# 10 Minute Tune TmT HP7



## cwbam (Feb 8, 2010)

I would like to start a new thread.

Ten Minute Tune

My first chassis HP7 Tyco 

parts changed

POLYMER TRACTION MAGNET FOR TYCO HP-7 LuckyBobs
O-Ring Front End Set http://www.hcslots.com/hardencreekparts/axleswheelstires.html
Sluggo rear tires ebay

Wow it runs faster than Gjets on an old Scorpion! 
I finally got a HP7 I like!

please post your your project.


----------



## slotnewbie69 (Dec 3, 2008)

beauty i got a couple of those i have screwed around with quite a bit!i even have the yellow porsche carrera ....nice hp7!


----------



## cwbam (Feb 8, 2010)

*Ten Minute Tune AFX Magnatraction*

started with old used magnatraction

open it up CLEAN 
CRC electrical cleaner
Proxxon (Dremel) wire wheel everything fast and quick
new JL xtraction for parts
Magnets springs shoes
902 bsrt wheels (front and rear work!) around .460 tire
hcslots front axle & some old sg+ front bushings and this old armature
likes this setup!


----------



## wheelszk (Jul 8, 2006)

Are the front end bushings weighted?


----------



## cwbam (Feb 8, 2010)

Small brass bushings from old Super G Plus endbell.
I'm sure they have some downforce but not like tjet weighted front axles.

What cheap scale could measure this small weight? gun Reloading scale?
next I'm getting in to wife's jewerly making for weights and spacers.


----------



## wheelszk (Jul 8, 2006)

Harbor freight sells a gram scale, very useful. FOR SLOT CARS lol


----------



## slotking (May 27, 2008)

remember for the magnatraction you have to balance the added weight vs the rolling stop and the delayed launch!

better to use lower tires and let the magnets work for you


----------



## slotnewbie69 (Dec 3, 2008)

wheelszk said:


> Harbor freight sells a gram scale, very useful.
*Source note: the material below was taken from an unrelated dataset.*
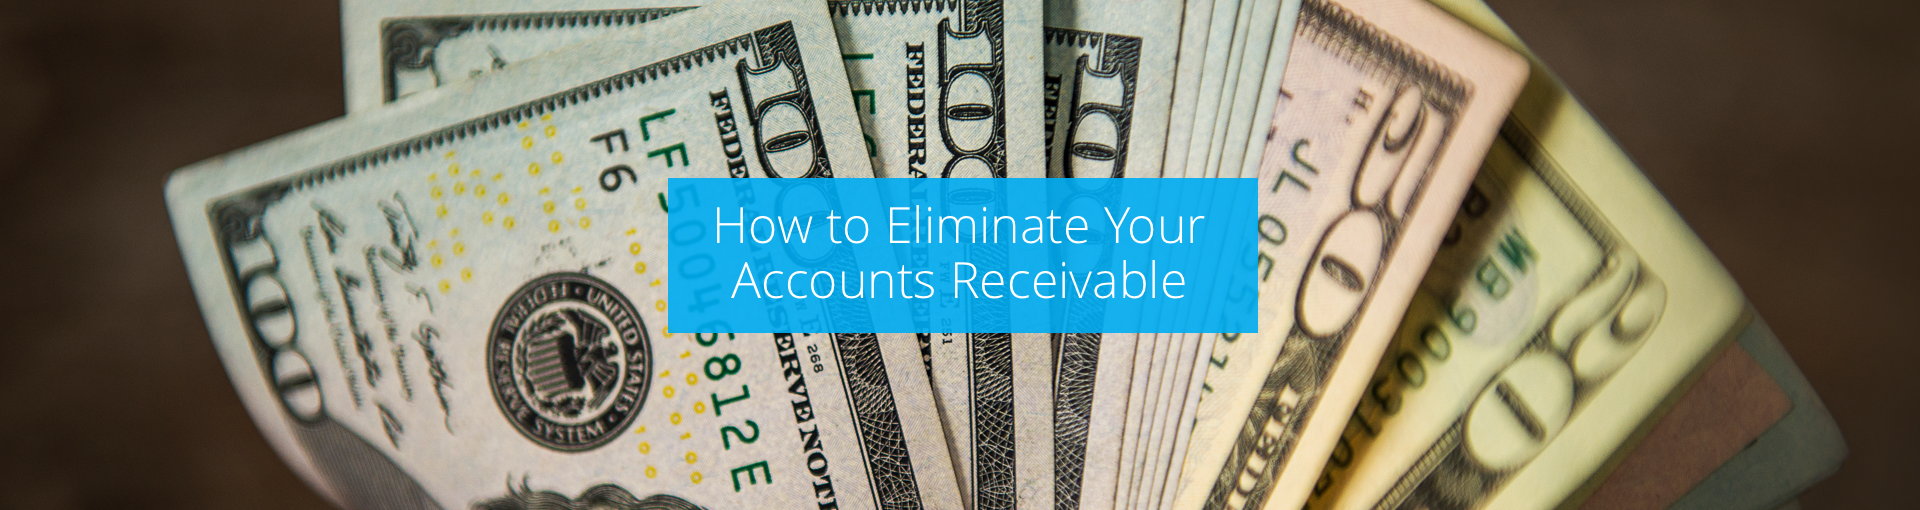 How to Eliminate Your Accounts Receivable Featured Image

FOR SLOT CARS lol


ya mon...


----------



## wheelszk (Jul 8, 2006)

LOL :dude:


----------



## ParkRNDL (Mar 20, 2002)

I use a reloading scale to measure magnet strength. Works pretty good I think. 

--rick


----------



## 1scalevolvo (Feb 5, 2004)

I found that you can improve performance & handling by adapting a TOMY Turbo can motor.You essentially hace to widen the chassis endbelll holes slightly.
Neal:dude:


----------



## Sir Slotsalot (Jan 23, 2010)

Good point Neal,

Even better than a Tomy Turbo motor is Fyrebox-1. It's got a little hotter wind and is exactly the same size. I have converted all my SRT's and HP7's with this motor. What a difference!!


----------